The datacentre, which will go live this month in Slough, will be connected to Janet, the UK’s national research and education network, thus facilitating access, reducing costs and meeting the bandwidth requirements of large datasets.

“As space becomes premium on campus, this is a significant step on the journey to the cloud and, already, indications are that this will be a major breakthrough for the UK education and research community,” said Tim Marshall, executive director of Jisc technologies and chief executive of Janet.

The consortium, comprising the six institutions, will grow over time as other institutions accept the importance of a shared datacentre and the benefits of IT clustering as integral to future UK research, according to the HEFCE.

The datacentre will allow the research community to share huge swathes of data, helping to push the traditional boundaries of teaching, learning and research methods.  

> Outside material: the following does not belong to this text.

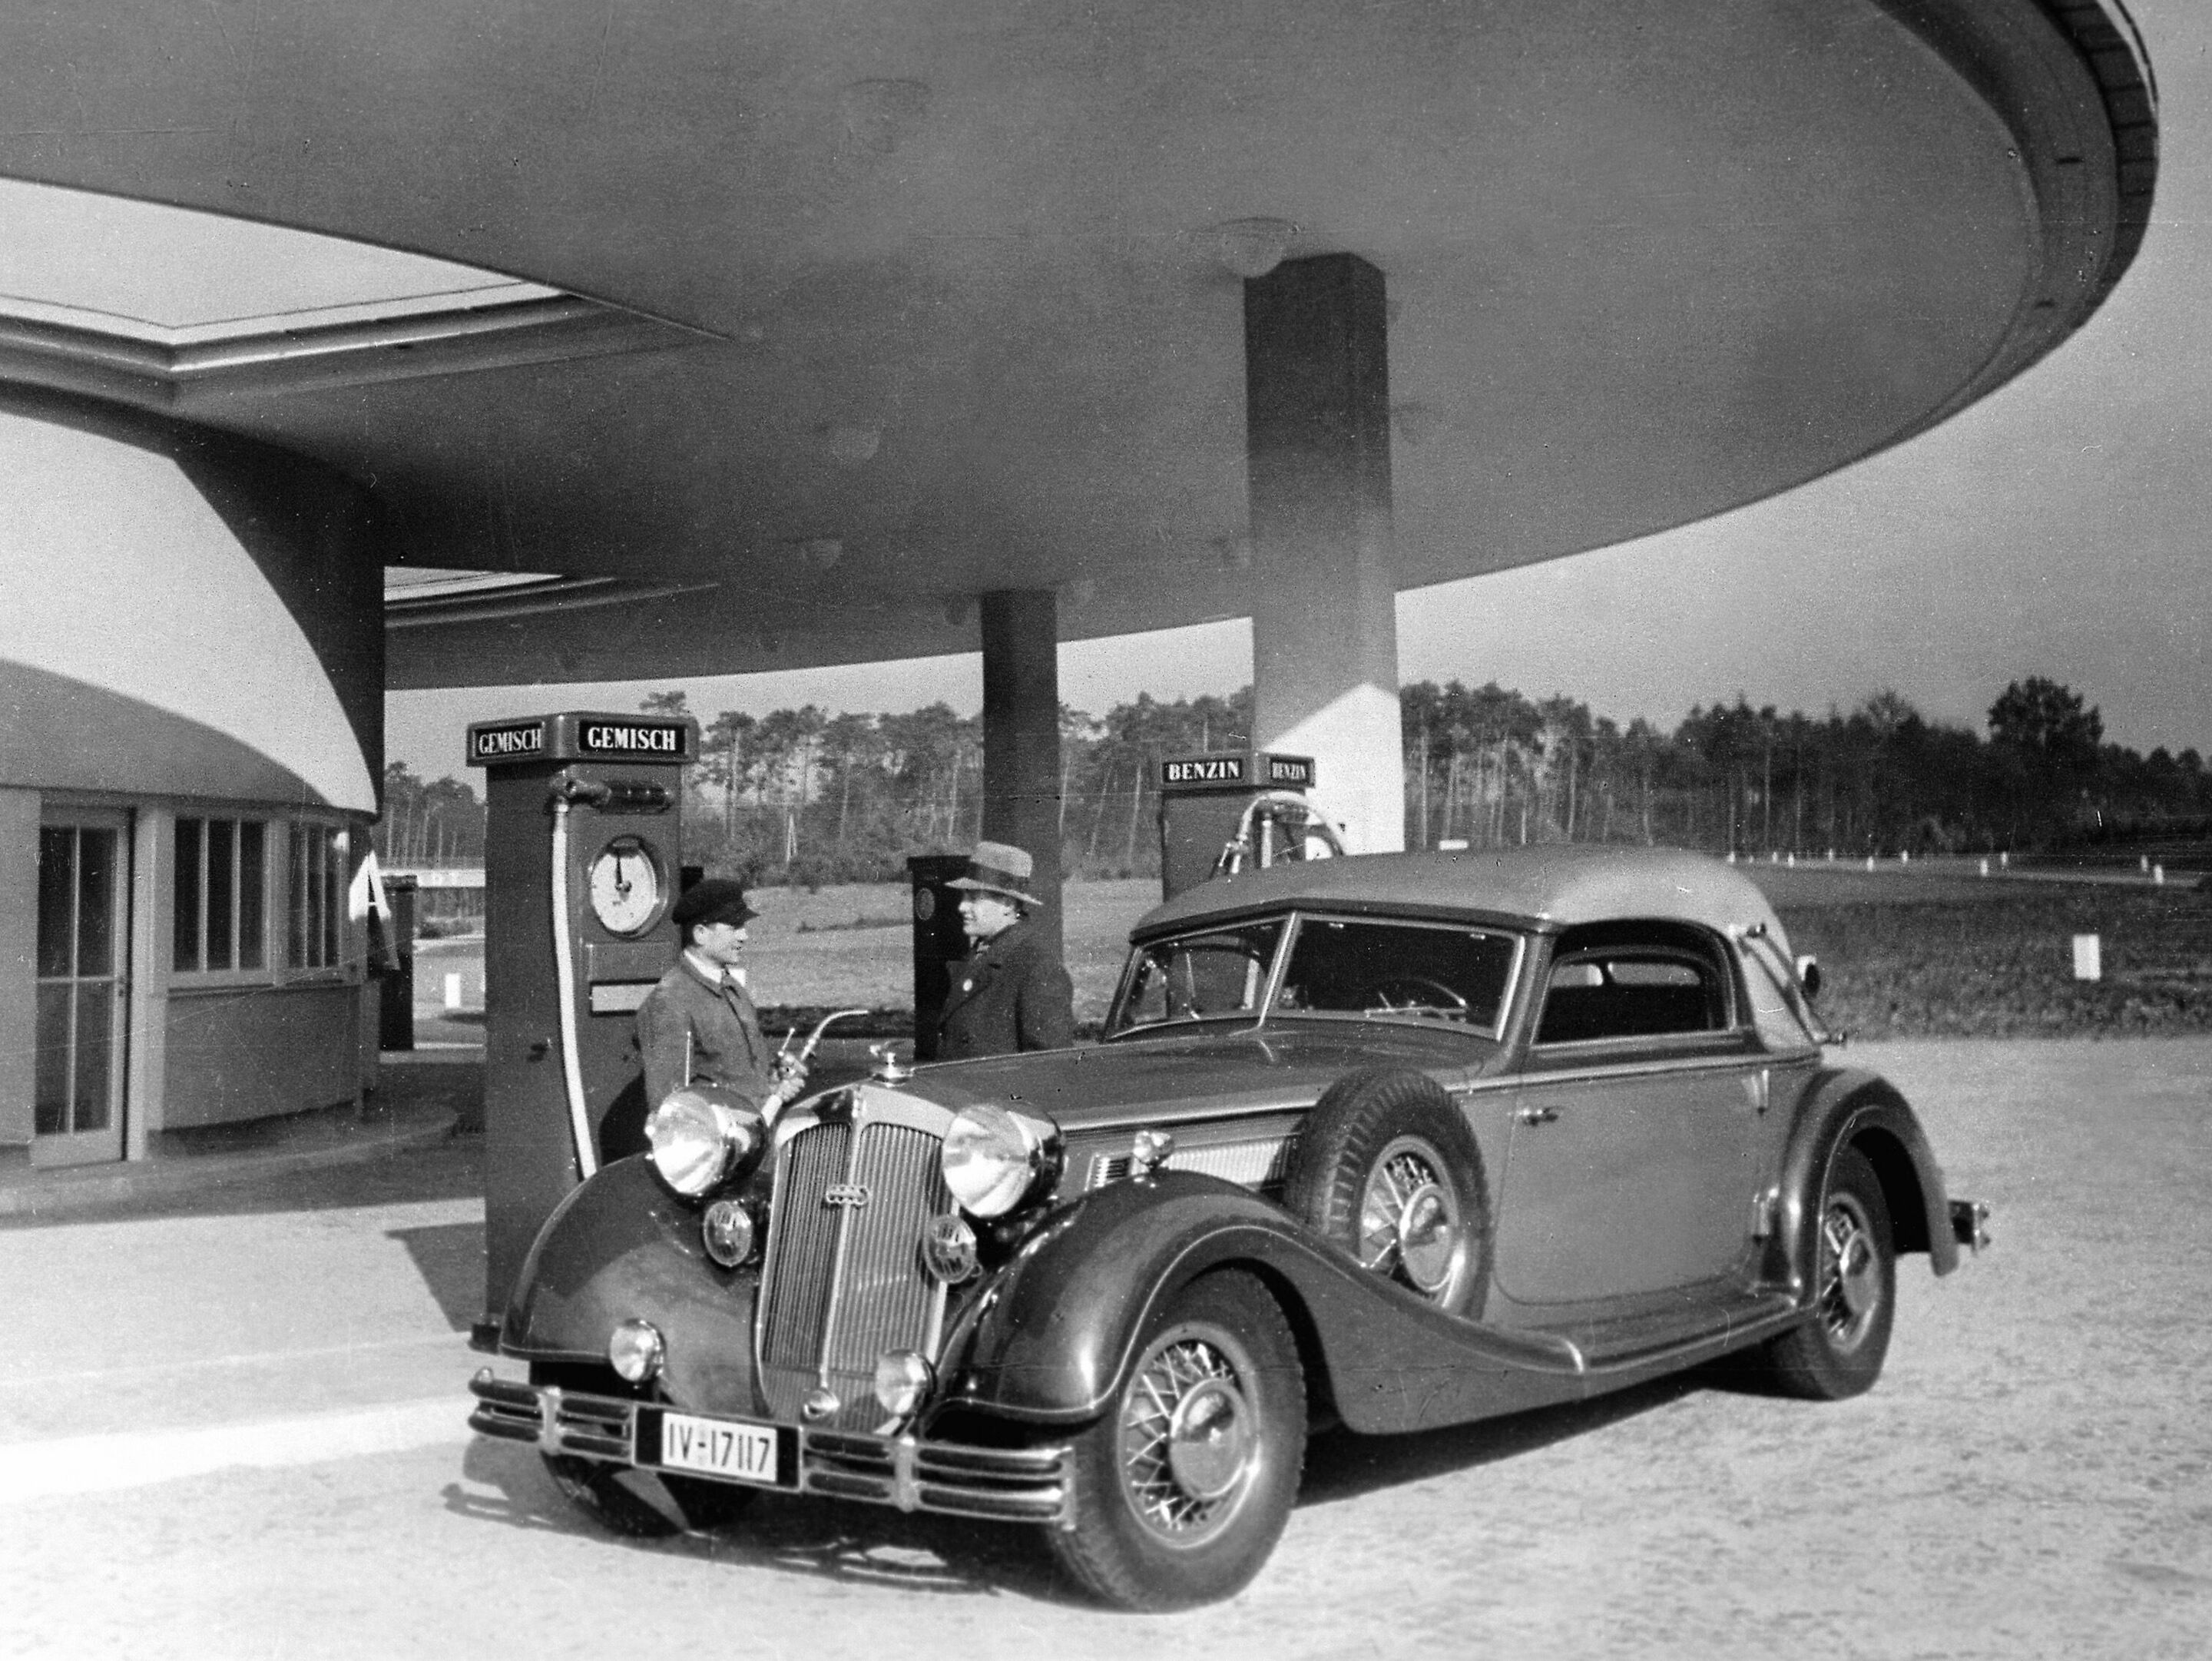 A filling station on the German "autobahn" at the end of the Thirties: A Horch 853 Sport-Cabriolet (1935 - 1940) is having its tank filled with the petrol (gasoline) and benzene mixture that was in use at that time.

“The funding has opened up high-performance computing at a reasonable price, meeting the university requirement for such leading-edge facilities and addressing the government's key objective of improving research,” said HEFCE director David Sweeney.

The Slough facility becomes the first large-scale example of high-performance computer environments being placed in an outsourced co-location facility. 

The work that the education and research sectors do can be life-changing, and the technology used will further the UK’s position as a global leader in medical and academic research, said Infinity chief executive Stuart Sutton.

The national datacentre will host more than 800 racks of capacity to improve speed and quality of UK research.